Knowing shapes of ice particles in clouds and precipitation is important for many practical applications including parameterization of cloud radiative effects in atmospheric models and remote sensing. The aspect ratio, which represents the ratio of particle minor to major dimensions, is the simplest parameter representing the overall shape of hydrometeors. Earlier studies have demonstrated that polarimetric radars capable of measuring depolarization ratio can be used for inferring mean aspect ratios of hydrometeors. Circular depolarization ratio (CDR) is especially useful because it does not depend on particle canting in the radar polarization plane. However, the polarization measurement scheme, which is now employed with most polarimetric radars, utilizes simultaneous transmission and reception (STAR) of radar signals. While CDR can potentially be reconstructed from STAR measurement variables, it requires the exact knowledge of phase shifts between horizontally and vertically polarized signals introduced by the radar hardware.

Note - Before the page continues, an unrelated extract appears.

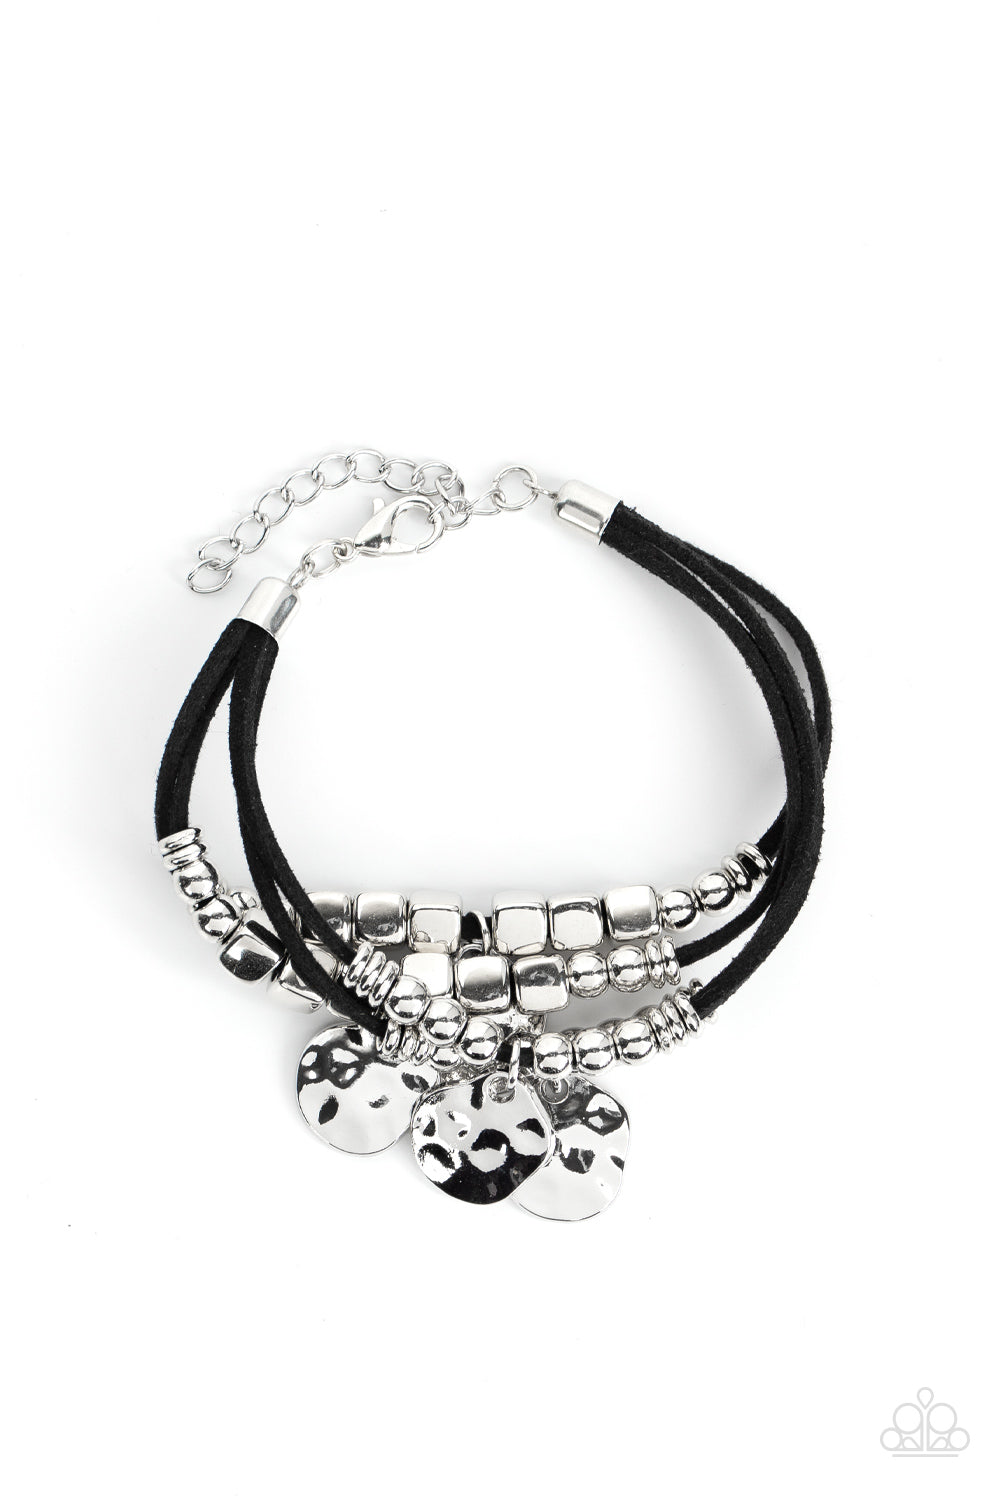 Token Trek - Black and Silver Bracelet  - Paparazzi Jewelry - Bejeweled Accessories By Kristie - Hammered silver discs swing from layers of black suede that are adorned with silver discs, beads, and cubes, for noisemaking shimmer around the wrist. Features an adjustable clasp closure.

This study suggests the use of proxy CDR values, which can be directly inferred from STAR scheme measurements. Deriving proxy values makes some assumptions. The relation between CDR and its STAR measurement proxy is discussed. It is shown that the proxy values are dependent on propagation effects to lesser degree than CDR. The experimental data obtained with polarimetric WSR-88D in different meteorological environments are used to demonstrate derivations of CDR proxy values. Uncertainties of using these values for hydrometeor aspect ratio estimations are discussed.